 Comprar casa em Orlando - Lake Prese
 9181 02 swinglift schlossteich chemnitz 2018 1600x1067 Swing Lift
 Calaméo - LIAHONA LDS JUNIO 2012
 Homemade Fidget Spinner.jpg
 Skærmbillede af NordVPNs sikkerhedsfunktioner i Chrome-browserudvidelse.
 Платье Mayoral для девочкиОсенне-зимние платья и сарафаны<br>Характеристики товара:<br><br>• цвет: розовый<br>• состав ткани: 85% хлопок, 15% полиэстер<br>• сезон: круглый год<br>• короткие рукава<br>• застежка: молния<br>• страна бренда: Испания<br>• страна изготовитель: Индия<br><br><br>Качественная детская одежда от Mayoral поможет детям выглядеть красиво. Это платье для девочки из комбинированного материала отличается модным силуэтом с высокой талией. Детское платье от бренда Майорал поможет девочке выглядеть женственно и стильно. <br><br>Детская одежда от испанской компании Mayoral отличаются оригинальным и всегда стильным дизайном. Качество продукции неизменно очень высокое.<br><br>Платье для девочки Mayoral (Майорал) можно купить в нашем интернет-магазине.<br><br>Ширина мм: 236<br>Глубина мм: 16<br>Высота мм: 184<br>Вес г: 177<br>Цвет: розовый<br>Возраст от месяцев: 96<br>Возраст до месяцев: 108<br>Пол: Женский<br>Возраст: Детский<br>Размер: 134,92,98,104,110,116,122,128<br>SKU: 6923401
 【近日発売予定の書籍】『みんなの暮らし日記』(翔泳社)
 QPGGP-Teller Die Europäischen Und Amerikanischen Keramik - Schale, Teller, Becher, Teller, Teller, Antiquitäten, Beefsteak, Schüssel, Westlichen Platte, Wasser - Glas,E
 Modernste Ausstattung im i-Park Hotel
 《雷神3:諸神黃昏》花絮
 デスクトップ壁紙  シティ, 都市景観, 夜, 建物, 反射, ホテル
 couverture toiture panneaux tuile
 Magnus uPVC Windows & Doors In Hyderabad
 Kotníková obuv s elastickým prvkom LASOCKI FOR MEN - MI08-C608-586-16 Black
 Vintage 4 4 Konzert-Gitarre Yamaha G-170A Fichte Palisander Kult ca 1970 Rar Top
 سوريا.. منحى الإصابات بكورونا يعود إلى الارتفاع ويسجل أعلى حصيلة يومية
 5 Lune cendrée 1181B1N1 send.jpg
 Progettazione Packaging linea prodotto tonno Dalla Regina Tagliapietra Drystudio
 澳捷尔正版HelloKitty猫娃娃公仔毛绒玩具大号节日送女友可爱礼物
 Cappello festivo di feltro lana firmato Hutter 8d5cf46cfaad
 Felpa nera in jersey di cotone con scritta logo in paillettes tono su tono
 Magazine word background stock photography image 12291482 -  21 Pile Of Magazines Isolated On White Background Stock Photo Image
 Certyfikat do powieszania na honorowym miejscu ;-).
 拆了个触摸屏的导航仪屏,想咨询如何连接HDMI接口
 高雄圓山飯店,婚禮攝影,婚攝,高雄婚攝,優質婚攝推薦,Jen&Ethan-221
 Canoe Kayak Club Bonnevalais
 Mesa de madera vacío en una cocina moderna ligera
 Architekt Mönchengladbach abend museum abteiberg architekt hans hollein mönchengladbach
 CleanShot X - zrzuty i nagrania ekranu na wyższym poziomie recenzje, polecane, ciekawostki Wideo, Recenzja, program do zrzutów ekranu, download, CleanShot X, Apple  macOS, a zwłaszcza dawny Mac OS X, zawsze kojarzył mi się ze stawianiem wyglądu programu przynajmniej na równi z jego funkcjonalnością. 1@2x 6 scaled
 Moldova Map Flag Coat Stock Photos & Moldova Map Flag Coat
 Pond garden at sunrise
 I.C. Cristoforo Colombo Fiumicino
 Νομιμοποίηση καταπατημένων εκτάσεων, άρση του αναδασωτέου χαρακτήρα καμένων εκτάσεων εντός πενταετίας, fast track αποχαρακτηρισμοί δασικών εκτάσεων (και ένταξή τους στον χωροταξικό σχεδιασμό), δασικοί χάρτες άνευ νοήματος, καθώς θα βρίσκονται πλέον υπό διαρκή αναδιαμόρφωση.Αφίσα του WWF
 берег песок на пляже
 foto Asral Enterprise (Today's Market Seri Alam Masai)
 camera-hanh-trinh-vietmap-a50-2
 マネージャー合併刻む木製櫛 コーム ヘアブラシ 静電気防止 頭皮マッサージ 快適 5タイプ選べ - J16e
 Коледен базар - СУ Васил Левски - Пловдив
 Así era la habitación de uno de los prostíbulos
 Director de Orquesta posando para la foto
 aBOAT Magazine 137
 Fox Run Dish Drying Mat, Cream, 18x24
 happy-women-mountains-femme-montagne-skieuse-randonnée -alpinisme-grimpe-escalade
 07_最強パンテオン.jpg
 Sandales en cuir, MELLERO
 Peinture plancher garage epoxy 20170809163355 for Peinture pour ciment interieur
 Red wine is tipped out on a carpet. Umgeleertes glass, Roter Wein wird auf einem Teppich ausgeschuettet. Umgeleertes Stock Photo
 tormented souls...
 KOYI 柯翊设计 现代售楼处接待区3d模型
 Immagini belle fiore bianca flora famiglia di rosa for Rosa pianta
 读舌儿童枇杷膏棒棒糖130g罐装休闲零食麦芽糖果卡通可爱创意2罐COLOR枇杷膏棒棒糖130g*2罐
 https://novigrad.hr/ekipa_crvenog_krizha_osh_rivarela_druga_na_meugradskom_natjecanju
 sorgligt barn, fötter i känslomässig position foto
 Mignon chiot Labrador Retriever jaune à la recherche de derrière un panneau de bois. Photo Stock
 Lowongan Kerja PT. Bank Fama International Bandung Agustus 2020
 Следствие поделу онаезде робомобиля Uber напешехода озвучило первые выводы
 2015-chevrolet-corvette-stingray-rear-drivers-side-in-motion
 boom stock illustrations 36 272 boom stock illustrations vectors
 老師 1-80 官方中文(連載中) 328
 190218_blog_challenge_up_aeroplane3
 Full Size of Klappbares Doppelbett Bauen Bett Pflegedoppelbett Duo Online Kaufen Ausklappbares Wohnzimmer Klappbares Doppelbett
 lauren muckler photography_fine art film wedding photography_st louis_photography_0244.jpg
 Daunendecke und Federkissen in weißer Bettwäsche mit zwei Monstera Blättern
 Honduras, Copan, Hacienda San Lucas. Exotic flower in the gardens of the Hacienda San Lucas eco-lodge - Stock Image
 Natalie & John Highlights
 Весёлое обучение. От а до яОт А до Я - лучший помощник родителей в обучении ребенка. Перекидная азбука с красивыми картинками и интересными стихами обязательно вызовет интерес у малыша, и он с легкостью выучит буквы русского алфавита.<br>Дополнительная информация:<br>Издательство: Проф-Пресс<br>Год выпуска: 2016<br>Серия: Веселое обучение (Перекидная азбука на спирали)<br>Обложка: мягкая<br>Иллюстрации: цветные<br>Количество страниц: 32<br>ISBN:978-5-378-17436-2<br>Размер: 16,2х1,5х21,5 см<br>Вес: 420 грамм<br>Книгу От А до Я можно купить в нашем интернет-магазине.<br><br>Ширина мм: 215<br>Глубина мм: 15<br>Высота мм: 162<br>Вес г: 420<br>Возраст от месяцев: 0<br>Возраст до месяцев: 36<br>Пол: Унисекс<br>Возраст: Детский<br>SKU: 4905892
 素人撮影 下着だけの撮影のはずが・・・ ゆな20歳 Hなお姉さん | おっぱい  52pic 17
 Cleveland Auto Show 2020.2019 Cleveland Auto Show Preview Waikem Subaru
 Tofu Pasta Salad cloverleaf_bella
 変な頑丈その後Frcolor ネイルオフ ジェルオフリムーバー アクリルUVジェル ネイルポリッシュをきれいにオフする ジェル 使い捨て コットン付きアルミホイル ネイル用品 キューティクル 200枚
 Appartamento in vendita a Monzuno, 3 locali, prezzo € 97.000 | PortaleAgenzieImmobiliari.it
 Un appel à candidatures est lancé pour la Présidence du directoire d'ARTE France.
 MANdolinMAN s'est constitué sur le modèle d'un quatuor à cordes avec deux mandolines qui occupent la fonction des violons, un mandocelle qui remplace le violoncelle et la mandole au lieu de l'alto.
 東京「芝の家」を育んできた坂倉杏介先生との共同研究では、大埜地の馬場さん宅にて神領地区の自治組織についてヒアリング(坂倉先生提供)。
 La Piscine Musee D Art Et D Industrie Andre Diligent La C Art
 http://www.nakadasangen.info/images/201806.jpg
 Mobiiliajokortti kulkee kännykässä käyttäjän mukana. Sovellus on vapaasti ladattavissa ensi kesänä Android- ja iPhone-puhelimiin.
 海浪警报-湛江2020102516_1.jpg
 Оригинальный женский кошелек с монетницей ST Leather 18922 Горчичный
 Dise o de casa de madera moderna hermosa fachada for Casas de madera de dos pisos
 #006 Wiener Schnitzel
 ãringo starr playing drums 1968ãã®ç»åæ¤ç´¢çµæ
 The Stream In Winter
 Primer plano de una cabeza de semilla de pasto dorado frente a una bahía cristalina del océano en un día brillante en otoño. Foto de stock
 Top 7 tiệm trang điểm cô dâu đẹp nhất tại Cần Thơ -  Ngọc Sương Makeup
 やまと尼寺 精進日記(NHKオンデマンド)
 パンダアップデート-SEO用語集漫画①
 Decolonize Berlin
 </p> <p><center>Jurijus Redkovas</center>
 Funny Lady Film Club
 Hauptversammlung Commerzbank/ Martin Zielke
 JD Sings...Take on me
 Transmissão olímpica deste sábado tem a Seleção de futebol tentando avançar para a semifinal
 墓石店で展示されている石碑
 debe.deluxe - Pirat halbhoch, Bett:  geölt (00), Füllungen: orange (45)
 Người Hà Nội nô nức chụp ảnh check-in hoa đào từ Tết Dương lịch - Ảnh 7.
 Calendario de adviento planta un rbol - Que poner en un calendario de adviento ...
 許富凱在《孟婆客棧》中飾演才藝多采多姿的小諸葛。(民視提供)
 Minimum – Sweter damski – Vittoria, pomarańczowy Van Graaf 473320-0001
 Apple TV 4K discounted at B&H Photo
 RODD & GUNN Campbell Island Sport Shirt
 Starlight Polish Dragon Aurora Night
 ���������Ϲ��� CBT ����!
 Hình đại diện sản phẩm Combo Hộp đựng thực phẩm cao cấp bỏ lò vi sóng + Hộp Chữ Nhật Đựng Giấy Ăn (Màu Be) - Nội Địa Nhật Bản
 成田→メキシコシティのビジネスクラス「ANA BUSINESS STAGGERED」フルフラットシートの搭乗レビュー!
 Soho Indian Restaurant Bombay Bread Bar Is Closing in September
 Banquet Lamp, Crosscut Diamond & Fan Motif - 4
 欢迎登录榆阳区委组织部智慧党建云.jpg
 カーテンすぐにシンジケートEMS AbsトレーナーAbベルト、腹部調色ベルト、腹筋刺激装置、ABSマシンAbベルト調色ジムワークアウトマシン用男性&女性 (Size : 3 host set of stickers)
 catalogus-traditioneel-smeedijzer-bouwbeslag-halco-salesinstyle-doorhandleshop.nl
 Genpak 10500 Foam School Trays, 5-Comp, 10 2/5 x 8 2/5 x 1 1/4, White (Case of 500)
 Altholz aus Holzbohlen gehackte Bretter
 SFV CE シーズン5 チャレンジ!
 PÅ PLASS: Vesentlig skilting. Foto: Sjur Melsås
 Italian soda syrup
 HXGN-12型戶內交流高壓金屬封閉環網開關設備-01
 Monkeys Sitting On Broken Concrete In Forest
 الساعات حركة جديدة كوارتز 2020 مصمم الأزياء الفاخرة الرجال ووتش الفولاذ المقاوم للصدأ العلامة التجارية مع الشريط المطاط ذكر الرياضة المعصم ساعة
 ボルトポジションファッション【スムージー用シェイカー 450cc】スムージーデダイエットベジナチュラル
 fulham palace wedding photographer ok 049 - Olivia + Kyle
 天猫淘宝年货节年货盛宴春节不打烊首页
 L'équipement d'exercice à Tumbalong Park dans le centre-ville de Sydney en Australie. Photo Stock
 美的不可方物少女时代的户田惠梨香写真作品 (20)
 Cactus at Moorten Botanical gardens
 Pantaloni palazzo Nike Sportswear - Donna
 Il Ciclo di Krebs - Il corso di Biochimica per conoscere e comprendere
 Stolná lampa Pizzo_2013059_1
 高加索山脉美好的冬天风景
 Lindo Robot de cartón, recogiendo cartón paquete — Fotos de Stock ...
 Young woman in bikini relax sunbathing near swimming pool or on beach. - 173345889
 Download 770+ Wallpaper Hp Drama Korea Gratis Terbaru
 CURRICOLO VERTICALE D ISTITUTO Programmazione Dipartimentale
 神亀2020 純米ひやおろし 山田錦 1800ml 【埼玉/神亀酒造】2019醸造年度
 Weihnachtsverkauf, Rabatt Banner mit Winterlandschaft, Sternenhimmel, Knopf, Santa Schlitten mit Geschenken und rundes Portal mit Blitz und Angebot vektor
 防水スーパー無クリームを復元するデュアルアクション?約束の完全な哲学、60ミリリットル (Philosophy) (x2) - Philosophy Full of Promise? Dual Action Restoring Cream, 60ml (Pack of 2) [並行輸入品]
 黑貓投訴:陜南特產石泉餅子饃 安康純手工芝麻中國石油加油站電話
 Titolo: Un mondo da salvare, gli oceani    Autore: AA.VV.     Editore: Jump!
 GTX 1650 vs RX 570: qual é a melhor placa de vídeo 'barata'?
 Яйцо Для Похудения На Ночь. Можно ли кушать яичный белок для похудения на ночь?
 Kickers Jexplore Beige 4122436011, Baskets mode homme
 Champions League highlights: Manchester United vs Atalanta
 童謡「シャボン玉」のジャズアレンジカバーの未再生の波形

────────

**Exercise instructions**
Go back to the listing above. Copy word for word the lines from the one with "Cleveland Auto Show 2020.2019" through the one with "Un appel à candidatures", and nothing more.

**Result of the exercise**
 Cleveland Auto Show 2020.2019 Cleveland Auto Show Preview Waikem Subaru
 Tofu Pasta Salad cloverleaf_bella
 変な頑丈その後Frcolor ネイルオフ ジェルオフリムーバー アクリルUVジェル ネイルポリッシュをきれいにオフする ジェル 使い捨て コットン付きアルミホイル ネイル用品 キューティクル 200枚
 Appartamento in vendita a Monzuno, 3 locali, prezzo € 97.000 | PortaleAgenzieImmobiliari.it
 Un appel à candidatures est lancé pour la Présidence du directoire d'ARTE France.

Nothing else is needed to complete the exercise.